Brogan Kelley, a freshman at Michigan State, left East Lansing following last week's shooting to return home to his family in west Michigan but drove back on Sunday so that he could attend class in person. He said that he felt like it was important “to go back about my life.”

“For me, not going to class felt like I would have been letting the shooter win. I didn't want this one tragedy to define the place I call home and the university that's giving me my education,” said Kelley.

Kelley, who was at an off-campus house when the shooting took place, said that the majority of his professors had given students the option to attend class in person or online, with many students choosing the latter.
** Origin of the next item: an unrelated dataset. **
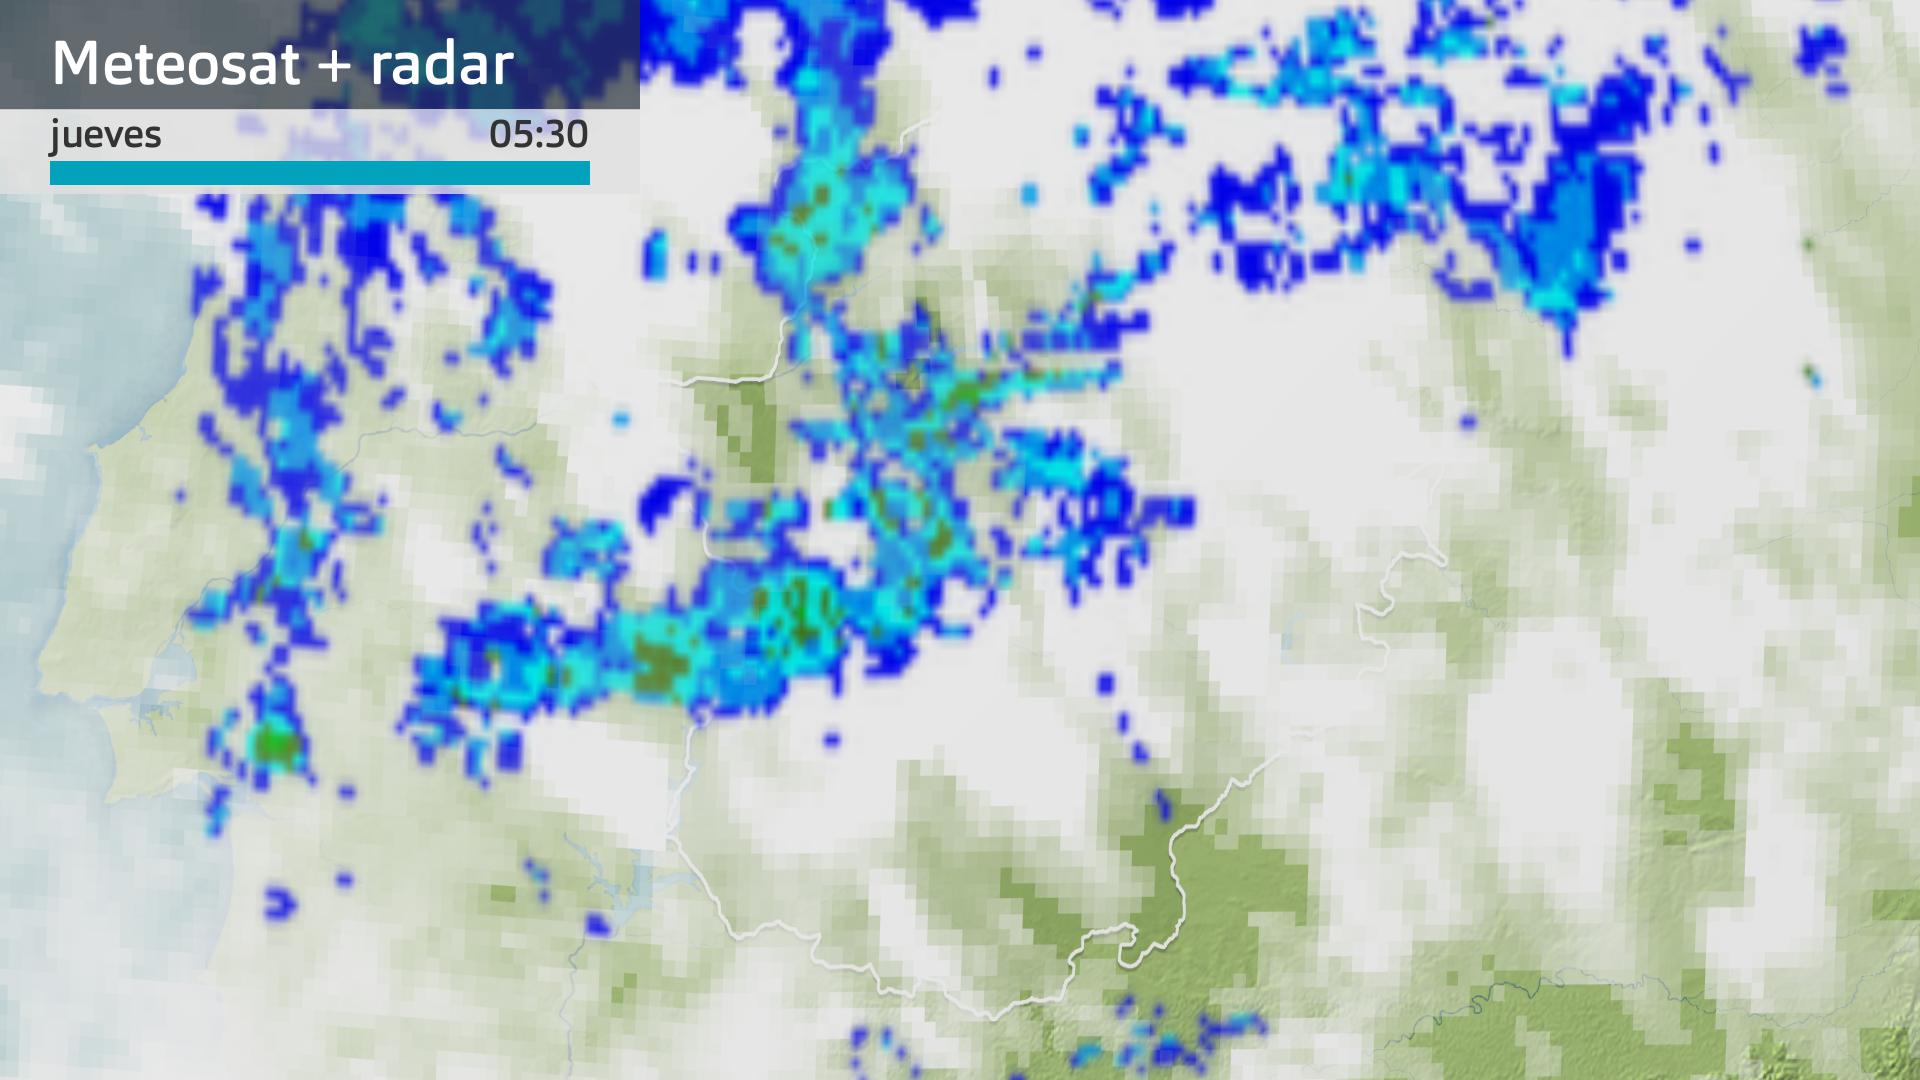 Imagen del Meteosat + radar meteorológico jueves 19 de octubre 5:30 h.

The shootings at Michigan State happened last Monday during evening classes at Berkey Hall and nearby at the MSU Union, a social hub where students can study, eat and relax. Students across the vast campus were ordered to shelter in place for four hours — “run, hide, fight” if necessary — while police hunted for Anthony McRae, 43, who eventually killed himself when confronted by police not far from his home in Lansing.

Two wounded students remain in critical condition at Sparrow Hospital, university police said Monday. Two other students were in stable condition with another student in “fair condition.”

The university has been criticized by some in the community for returning too quickly. The editorial board of The State News, the student newspaper, wrote Thursday that they wouldn’t attend class next week, either in person or online. More time was needed to heal, the students wrote.

A student-led protest was scheduled to take place at the state Capitol in downtown Lansing on Monday afternoon calling for gun reform legislation. March for Our Lives founder David Hogg, a survivor of the Parkland School shooting, joined Michigan State students and state lawmakers at a press conference outside of the state Capitol prior to the protest to call for gun reform.